It’s the holidays and I’m making a list and checking it twice. And while I’m at it, I will also make note of who has been naughty and who nice.
Sometime before or around Thanksgiving you probably started to clean up your mailing list to mail out your holiday greeting cards. You might have just relied on emails for holiday greetings – not the best idea but I see a lot of people and companies doing just that. drivingschoolintoronto
You might have separated your lists into categories such as business / personal / vendors, or maybe gone deeper creating categories such as prospects / a customers / b customers / c customers/vendors/family/friends.
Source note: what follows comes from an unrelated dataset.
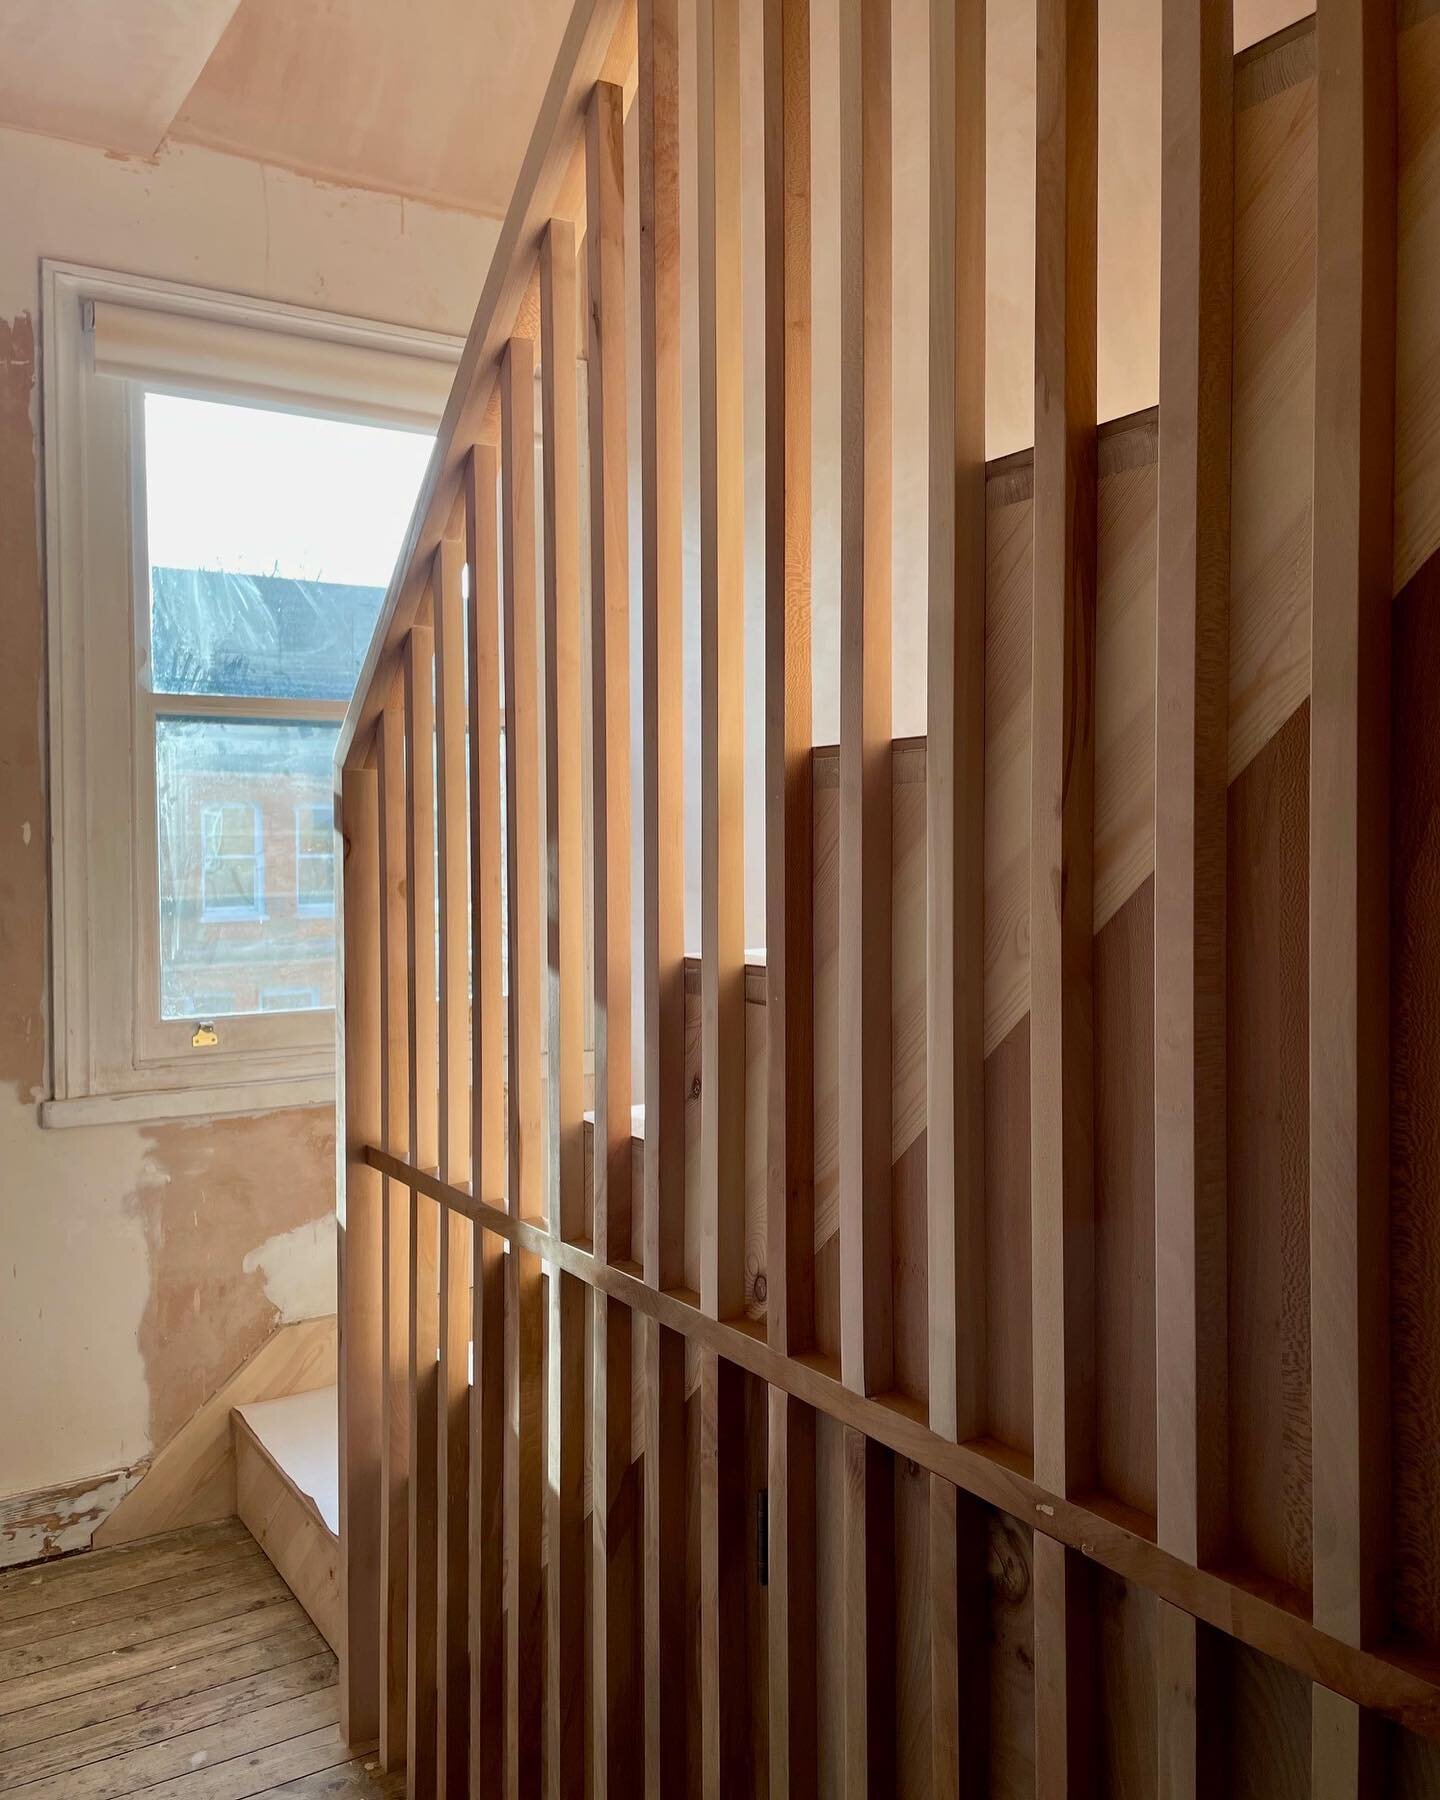 Work to this Warner House in Walthamstow is nearing completion, and the staircase, made from beautiful @fallenandfelled timbers is in place 🪜 we used a combination of London Plane, Beech and Elm, which vary in hues of white, pink, yellow and orange,

So now that you have your lists front and center take a hard long look at them to understand how they can work for you. If you don’t have the time then hire a temp or an agency or a virtual assistant to invest in getting your list to be a gold mine that can actually deliver business results.
Why? Because we can’t talk to everyone the same and expect results. We can’t even expect to speak to everyone on the same channel or through a single medium anymore and expect results. Here are some things to pay attention to when segmenting and tagging your contact lists that will help you deliver more powerful marketing in 2011:
1. When / where did you meet or come into contact?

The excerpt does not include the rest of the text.